In the spring of 2021, I lost my then-long-term boyfriend. It was sudden. Unexpected. One of those moments of ‘wrong place, wrong time’ that happens on the news, and you want to look away from the horrible tragedy, but sometimes, voyeuristically, you can’t. From an outside perspective, it was one of those. A news story. An unfortunate tweet with thousands of shares. I’ll spare the gory details, mainly because I wasn’t there to witness it. I was only there for the aftermath and the colossal collapsing of my world shortly after. 

I’ve written my fair share of stories about grief. Google couldn’t tell me how to deal with it. There’s no good web answer for: “How do you cope with the unforeseen loss of the person you hoped to spend the rest of your life with before you even had your chance at forever?”. It’s a tough question, right? I’m about a year and a half into my new reality and when people ask me the how, it’s hard to answer. No folklore, no bible verse, no tacky Facebook post, no book on someone else’s grief could give me the exact answer I needed – and for a while, I had no idea what to do. I carried a tangled mess in my hands, and there was no instruction packet. Wikihow over simplified it. Self-help pamphlets didn’t understand all of it. There was no great lore on how a 20 year old college kid could get through something like this. A year and a half later, I am still picking up the pieces that shattered that one Monday morning. 
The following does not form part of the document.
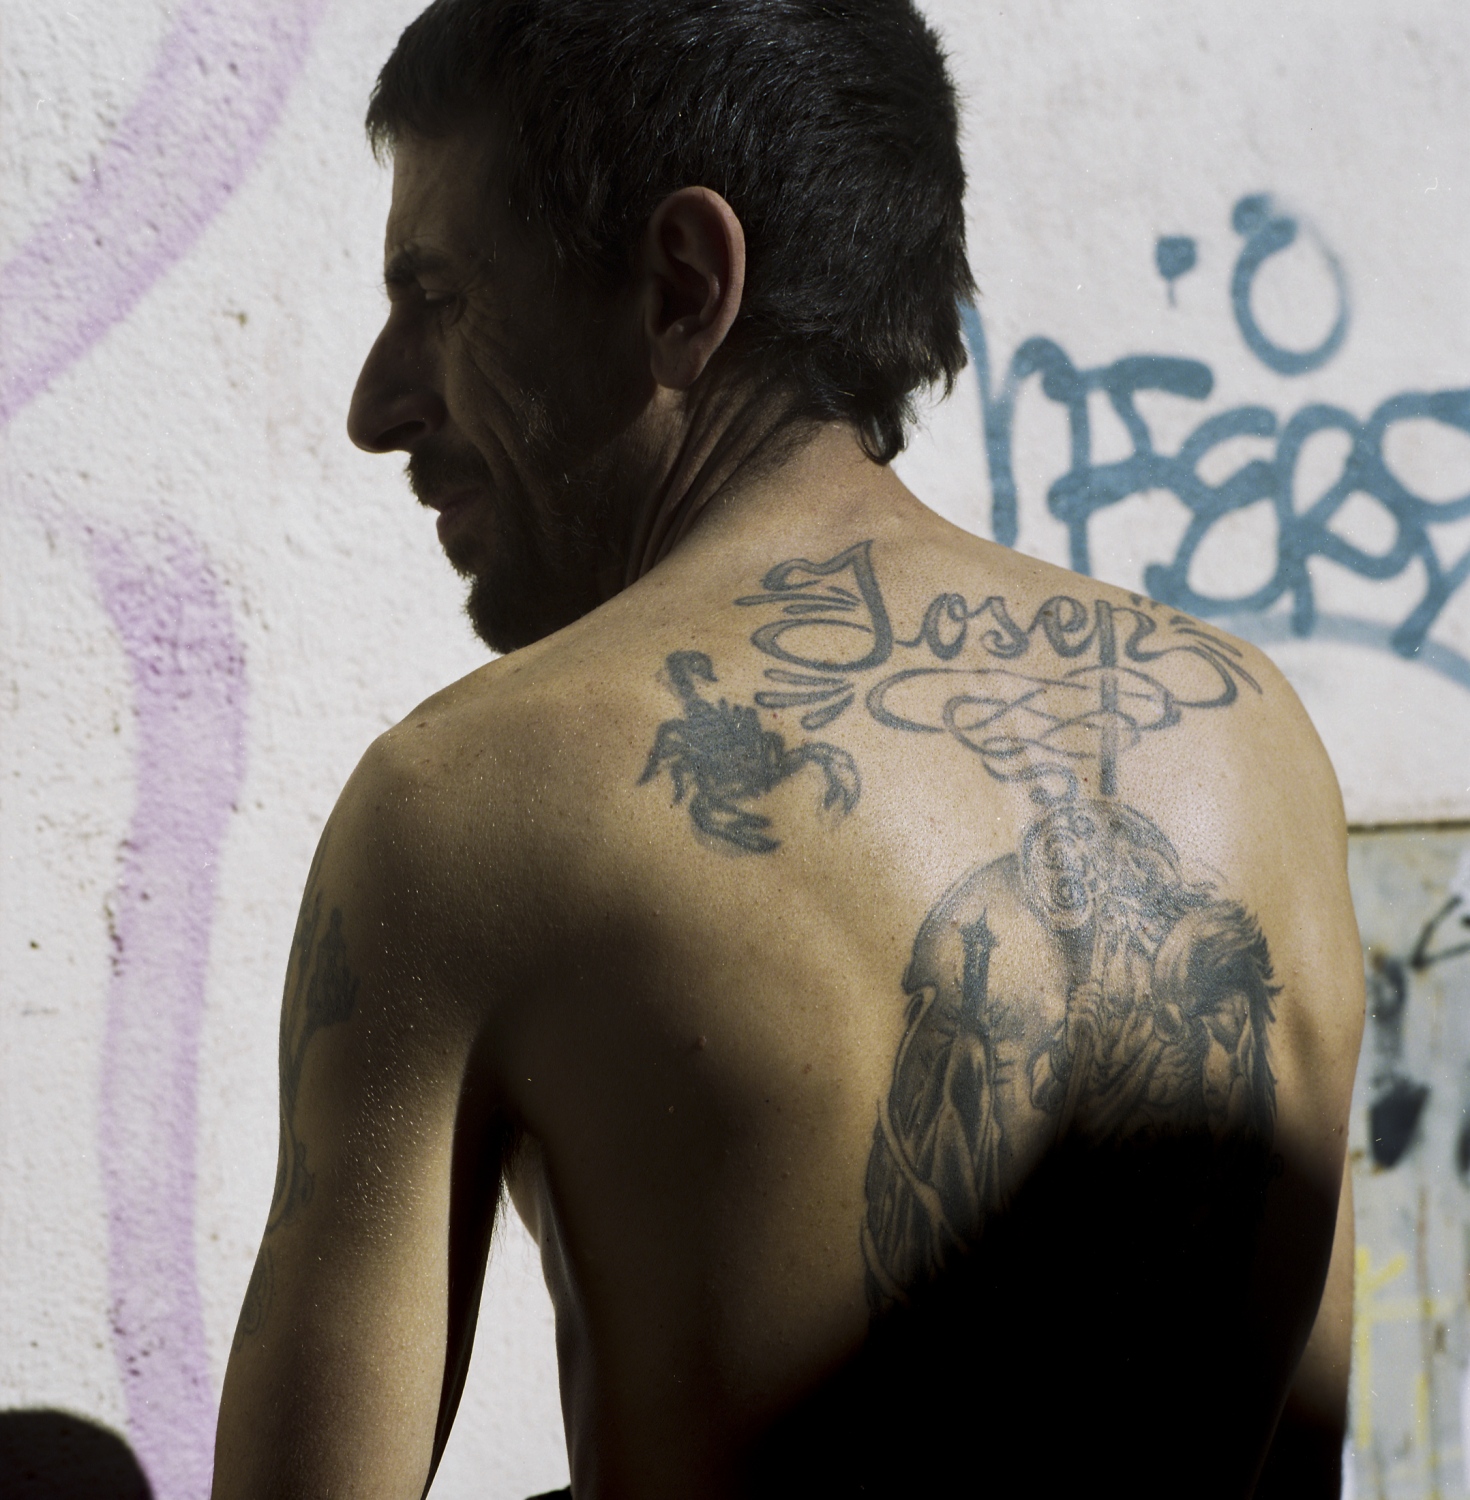 Jose displays his son&rsquo;s name tattooed above a locksmith figure. Jose takes pride in...

I met him when I was 18, one month into my first year at undergrad. He was my first love, my first genuine love, far from the stupid surface-level love I felt with crushes on friends, the kind that took care of me properly and let me grow and promised me all the good and bad things that came with loving another person with the entirety of your heart. I got two and a half years when I wanted forever. The worst part is that he wanted that too. There is no worse feeling, dealing with a heartbreak that wasn’t on purpose. 
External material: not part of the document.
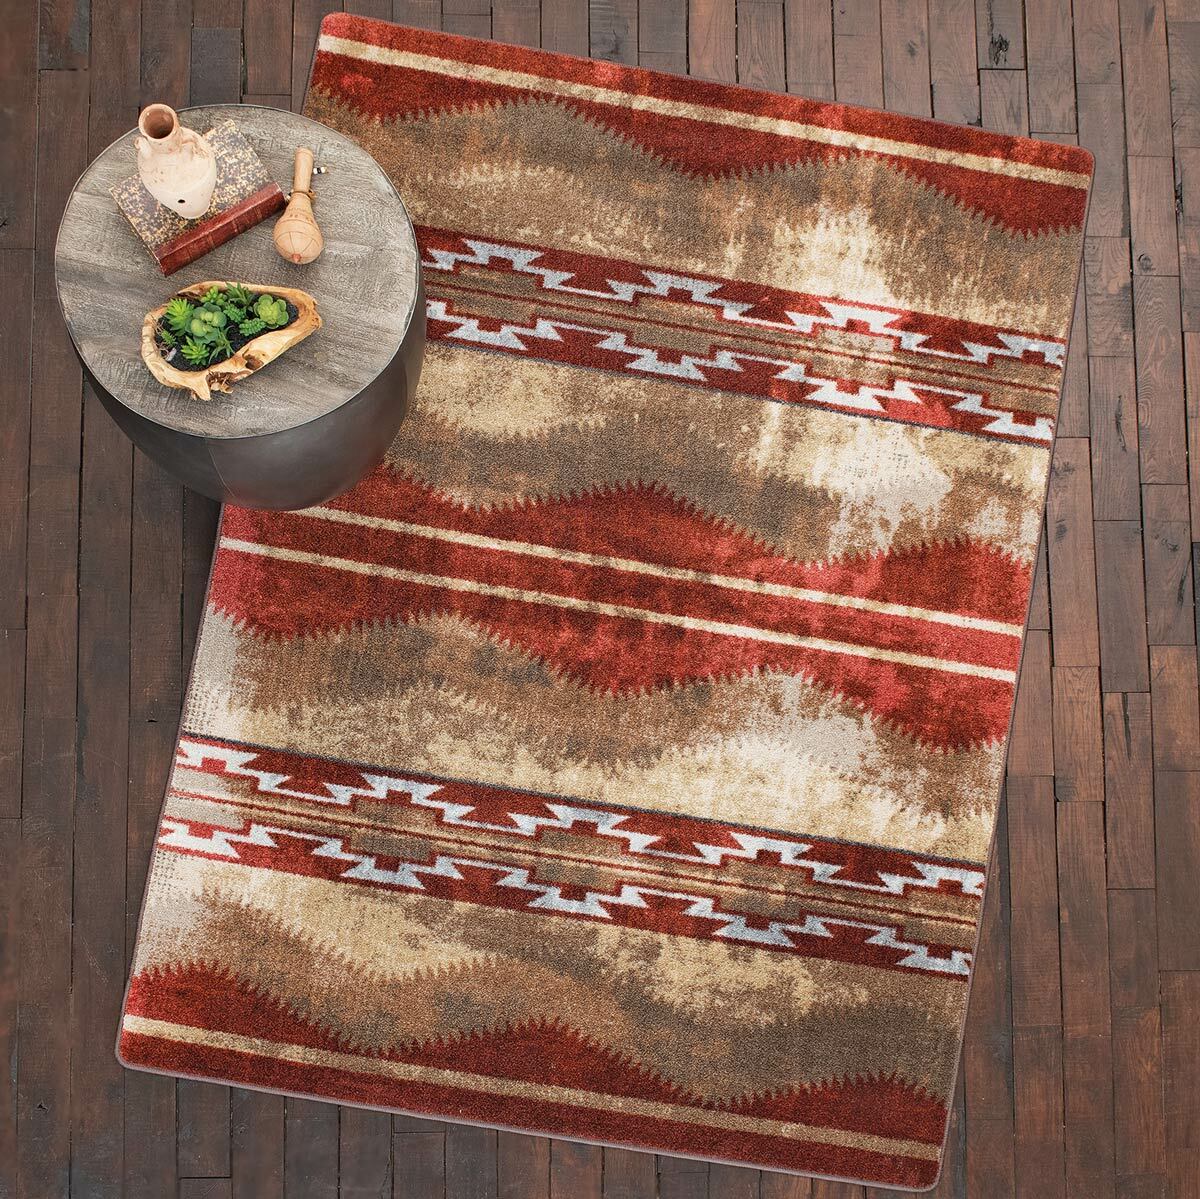 Red Canyon Natural Rug - 3 x 4, Black Forest Decor

There are a slew of complicated, hard-to-explain-over-brunch-when-someone-asks-how-you’re-doing parts of the grief experience that would take hundreds of pages to dive into. No bible, holy text length could equate to the mess of a collection someone would create trying to describe every little thing they feel and think and say when it comes to their grief. It is a journey with no end. Sentences with no punctuation, roads that go on and on. Grief is a funny thing, but when we talk about memory, trying to look back on the ‘thus far’ aspect of grief, it works in the most bizarre of ways. It is both beautiful and strange. A trick. A sunshower of an experience. In the early days it feels like an ongoing cycle, sifting through the vaults of your memories and replaying everything they’ve ever said to you. In the beginning, I could hear his laugh so clearly, feel the weight of his body take up the other side of the bed, smell the eucalyptus shampoo scents he’d leave on my clothes. I could replay over and over again the days we spent in tangled bedsheets, the nights of deliriously and happily wandering the downtown streets of our college city. The memories of us at 18 years old, kids, barely adults, navigating an exciting new companionship, completely unaware that we would become something so permanent. There were times, though, where he would feel like a distant whisper, details of his scarred hands and funny habits difficult to remember. I always hated those moments. Someone once asked me what we did for our first anniversary. I hated that I couldn’t immediately remember. I pushed the food around my plate, mentally trying to rewind back to years ago. Memory and grief are a complicated duo, but when it’s good to me, I am grateful.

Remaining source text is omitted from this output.